Accelerating Python with Rust: The PyO3 Revolution — Roshan R Chandar

The talk discusses how the PyO3 framework can be used to accelerate Python applications by integrating Rust code. It covers the advantages of using Rust, such as memory safety and performance, and provides examples of real-world projects that have benefited from the PyO3 approach.

Data pipelines with Celery: modular, signal-driven and manageable — Marin Aglić Čuvić

The talk explores the use of Celery, a distributed task queue framework, for building modular, signal-driven, and manageable data pipelines. The speaker discusses the pros and cons of using Celery, the challenges in data processing, and presents several use cases demonstrating how Celery's signal-driven architecture can be leveraged to improve the flexibility and maintainability of data pipelines.
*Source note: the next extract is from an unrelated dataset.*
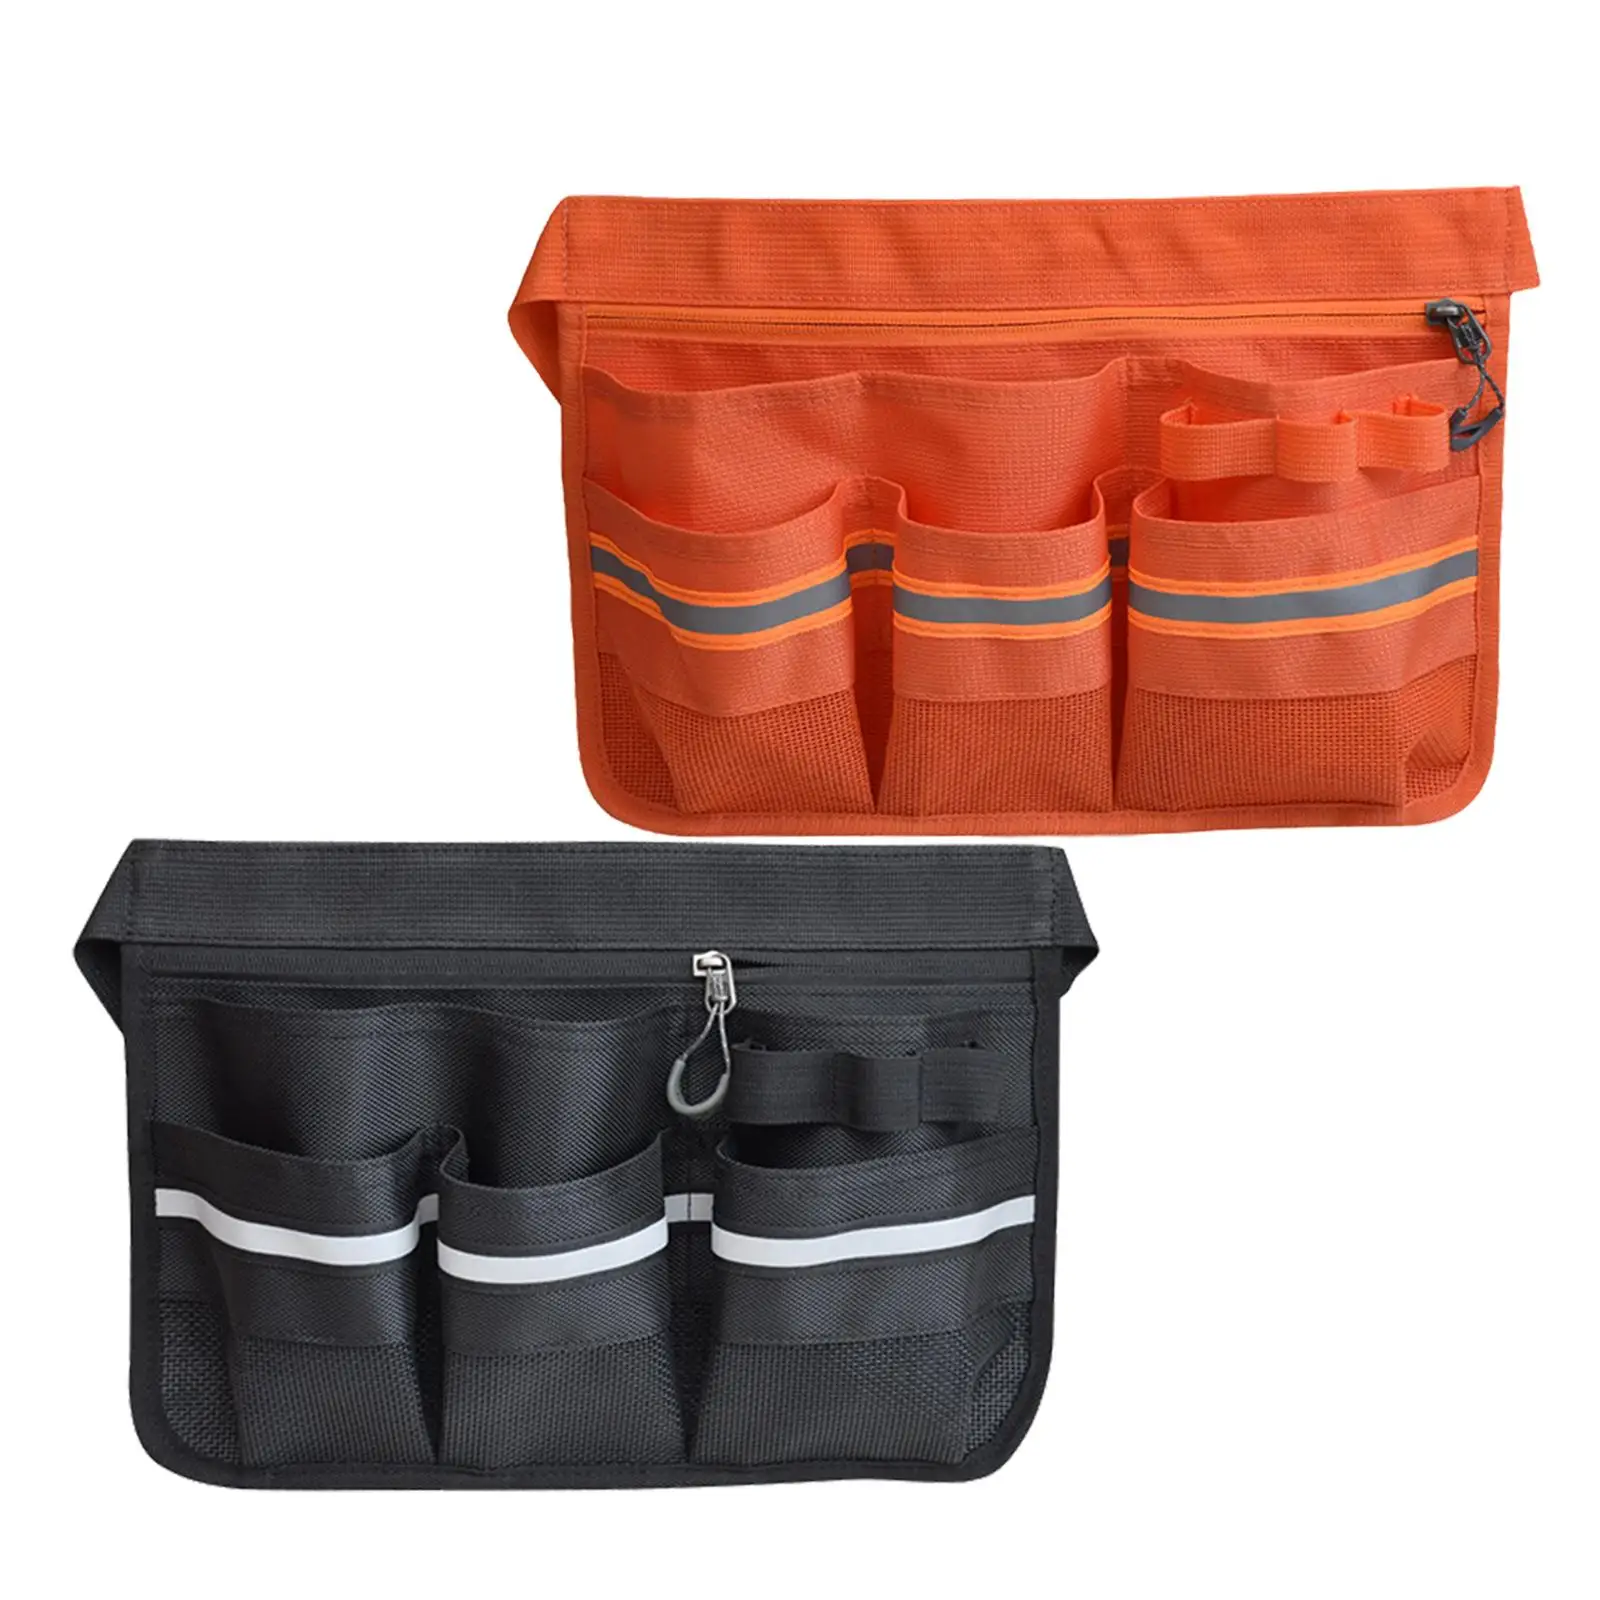 Tool Bag with Pockets Waterproof Oxford Cloth Sturdy Gardener Pouch Waist Belt for Cleaning Gardening KTV Hotel Restaurant

Learning to code in the age of AI — Sheena O'Connell

The talk explores the importance of developing fundamental coding skills and problem-solving abilities, rather than relying on AI tools to simply generate code. It emphasizes the collaborative, iterative, and exploratory nature of software development, which requires human understanding and precision.

Designing Config Files: The Conflicting Needs of Programmers and Users — Steven Pool

The talk explores strategies for designing more flexible and user-friendly configuration files, including the use of hierarchical structures, runtime overrides, and pushing complexity into the config files themselves. The speaker shares practical tips and techniques for making configuration files more maintainable, debuggable, and accessible to non-technical users.

From built-in concurrency primitives to large scale distributed computing — Jakub Urban

This talk provides an introduction to Python's built-in concurrency primitives, such as concurrent.futures, and how they can be used to scale to large-scale distributed computing using frameworks like Dask and Ray. The speaker covers the concepts of concurrency and parallelism, Python's built-in tools, and how to integrate these with asynchronous programming, as well as practical examples and considerations for scaling out to distributed environments.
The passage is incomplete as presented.